### EXERCISE GOAL
Your task is to repeat the lines below exactly, excluding any pictures they contain.

BEGIN MATERIAL PROVIDED

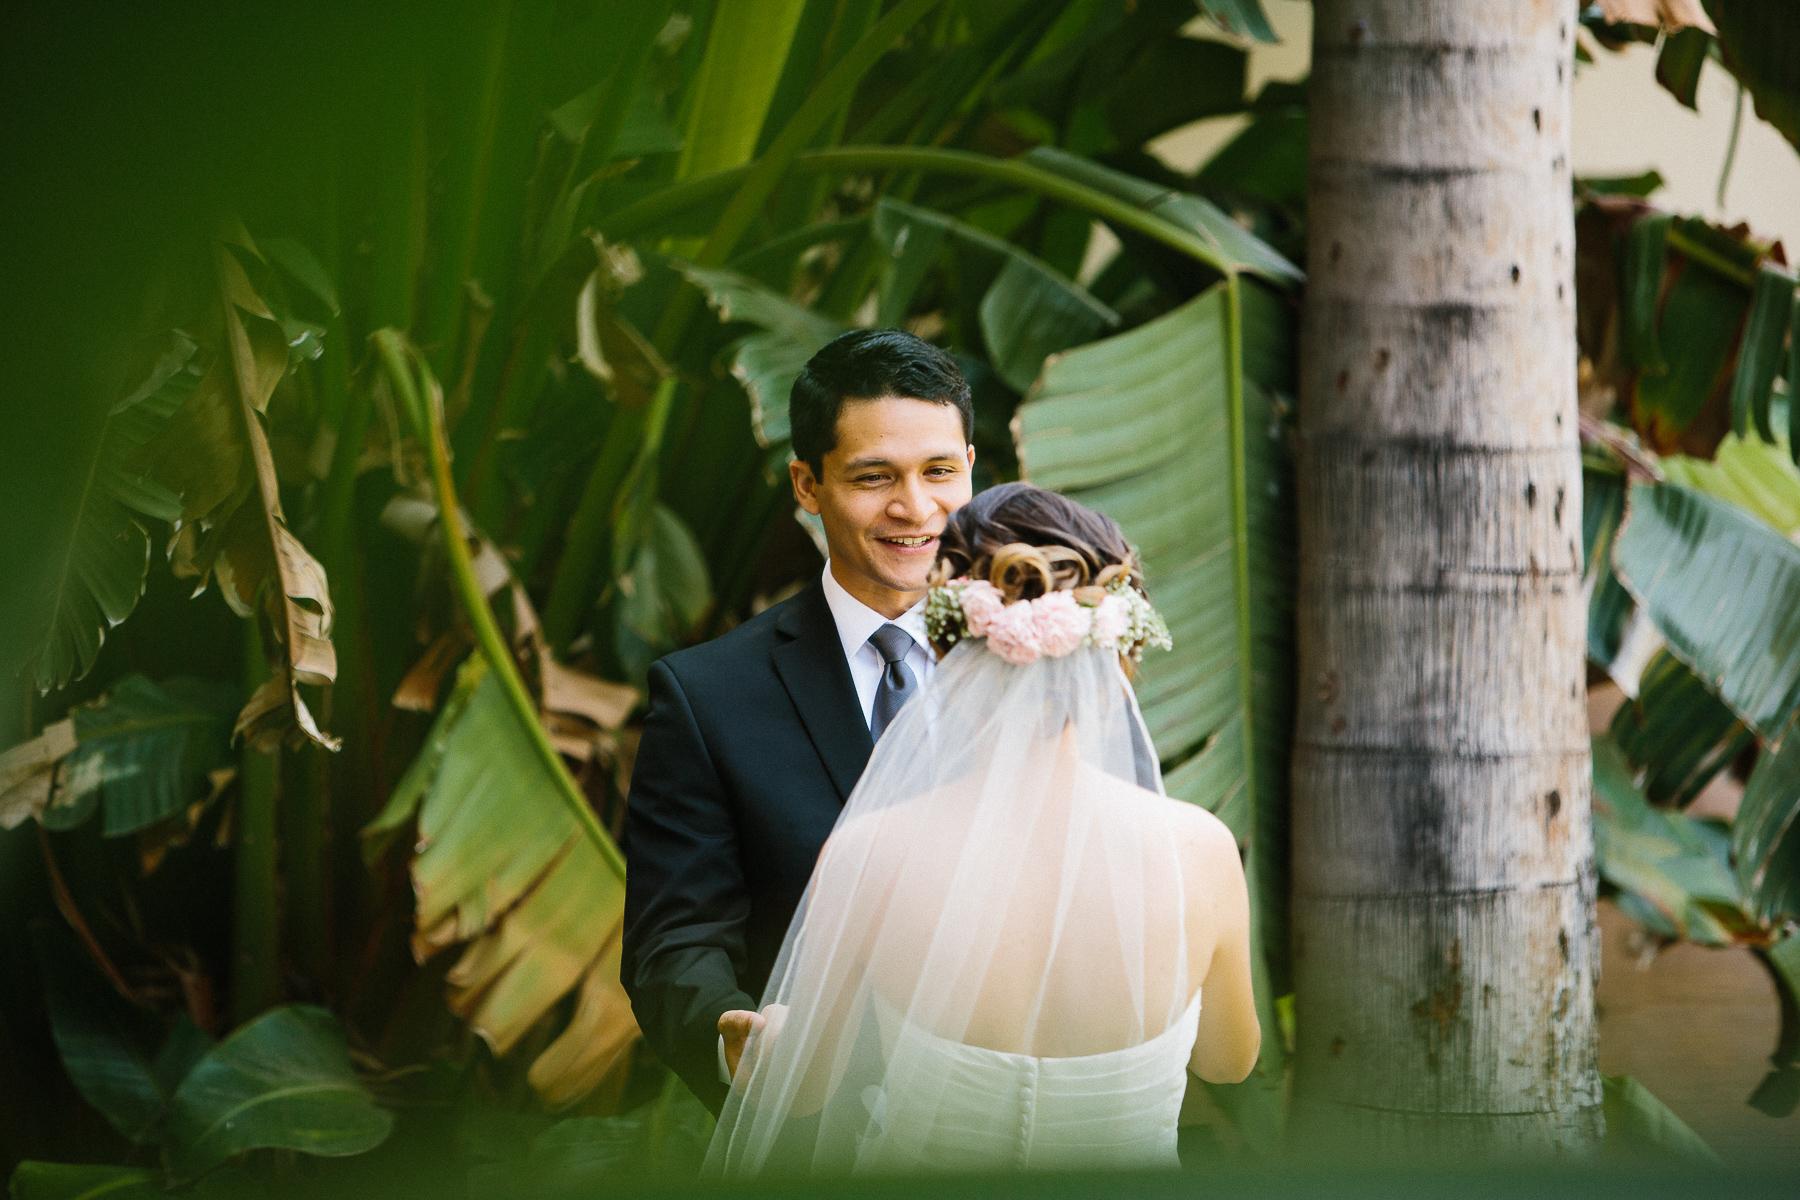 170708-Luxium-Weddings-Arizona-Sheraton-Phoenix-Arizona-Photographer-Hilton-Hawaiian-1008.jpg
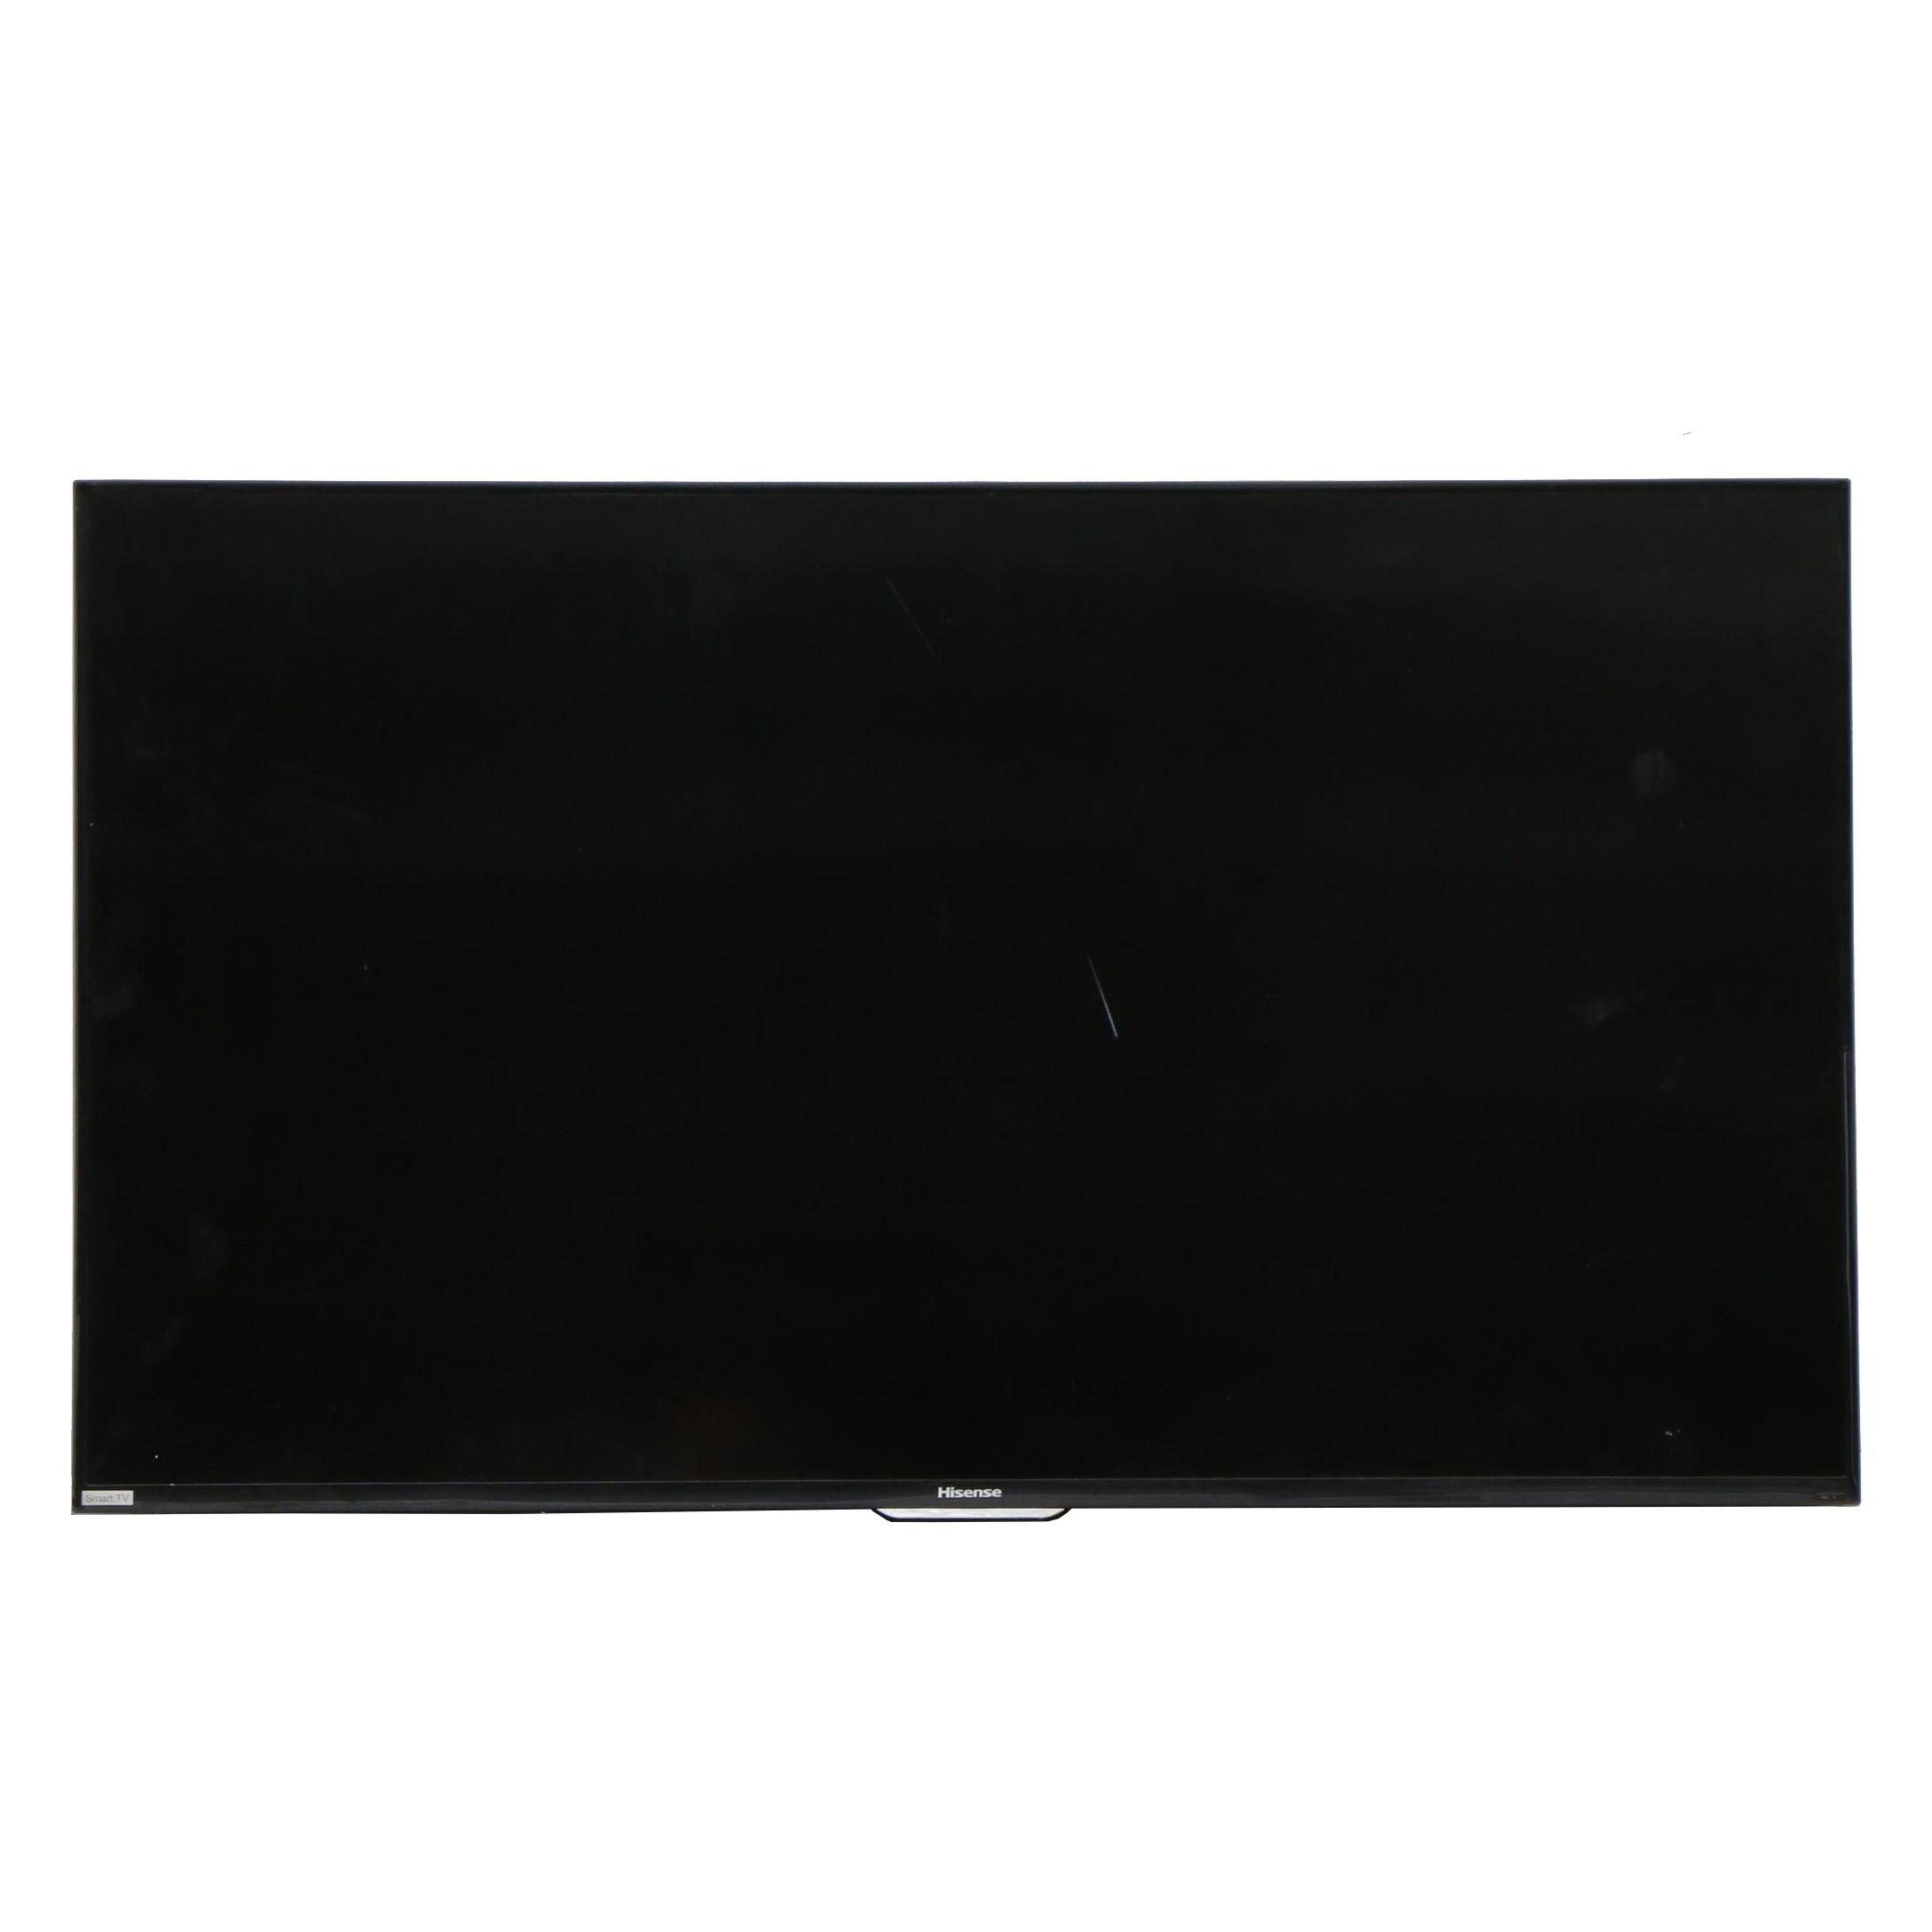 "Hisense 50"" Flatscreen LED LCD Television"
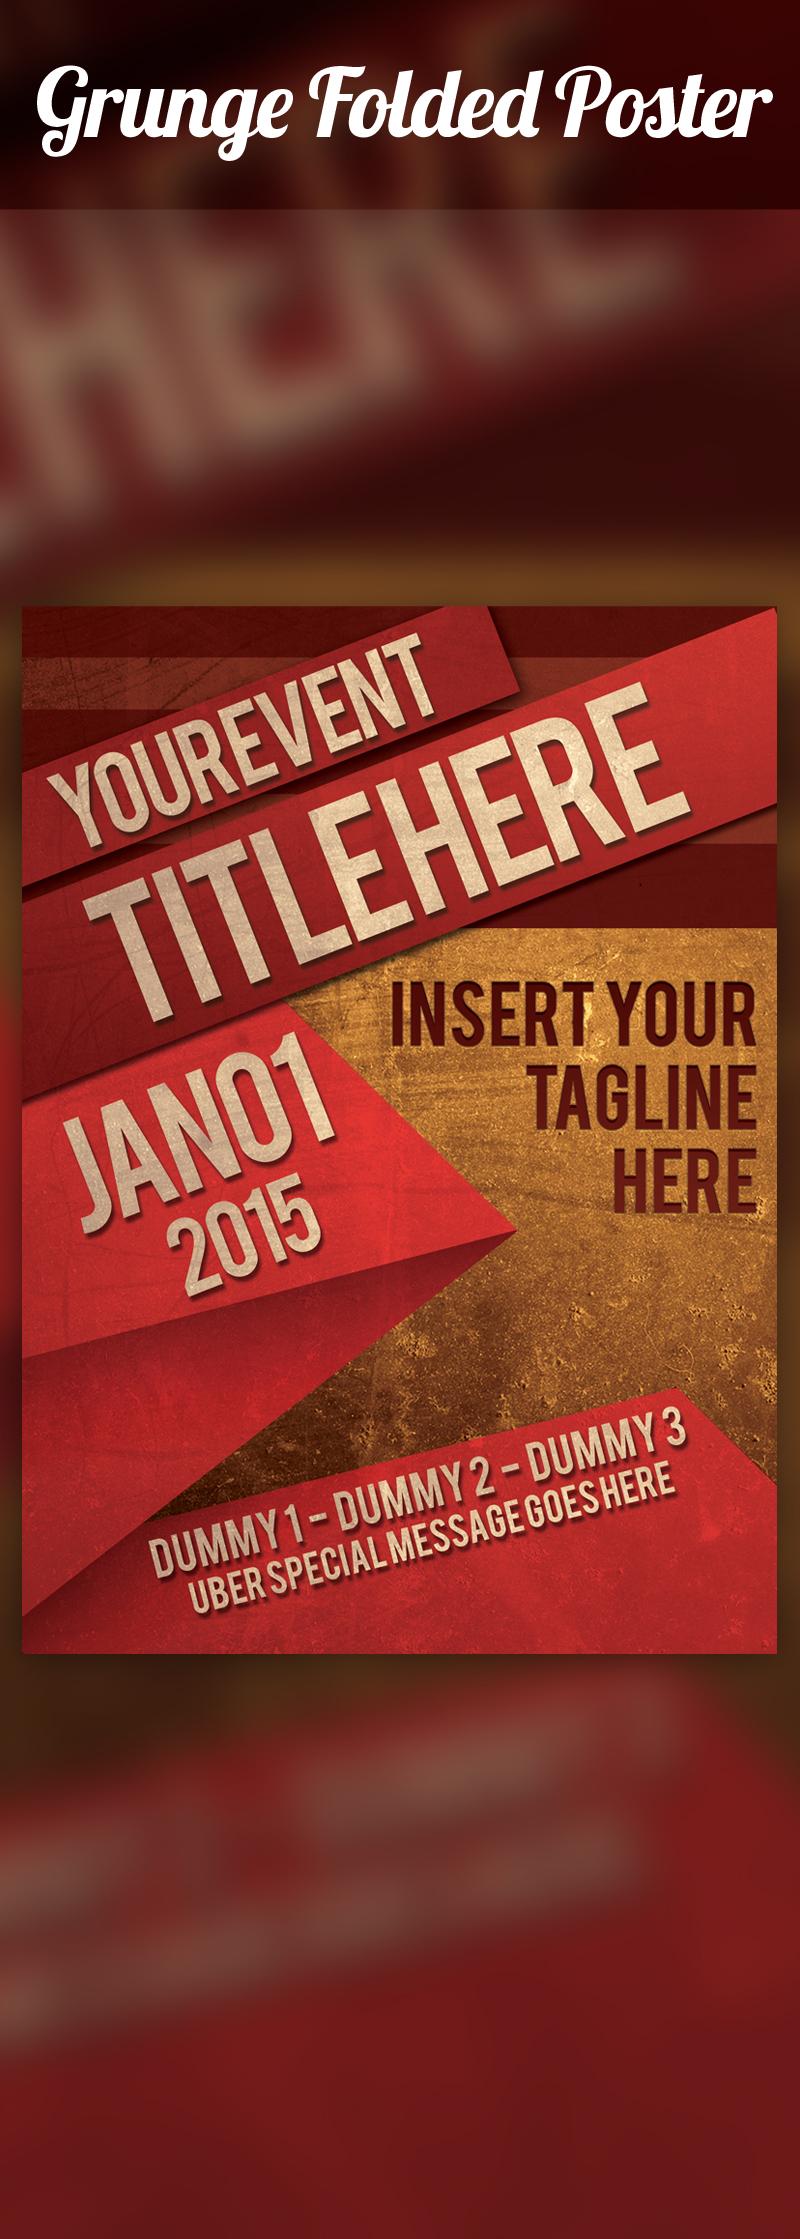 Grunge Folded Poster

END MATERIAL PROVIDED

### COMPLETED TASK
 170708-Luxium-Weddings-Arizona-Sheraton-Phoenix-Arizona-Photographer-Hilton-Hawaiian-1008.jpg
 "Hisense 50"" Flatscreen LED LCD Television"
 Grunge Folded Poster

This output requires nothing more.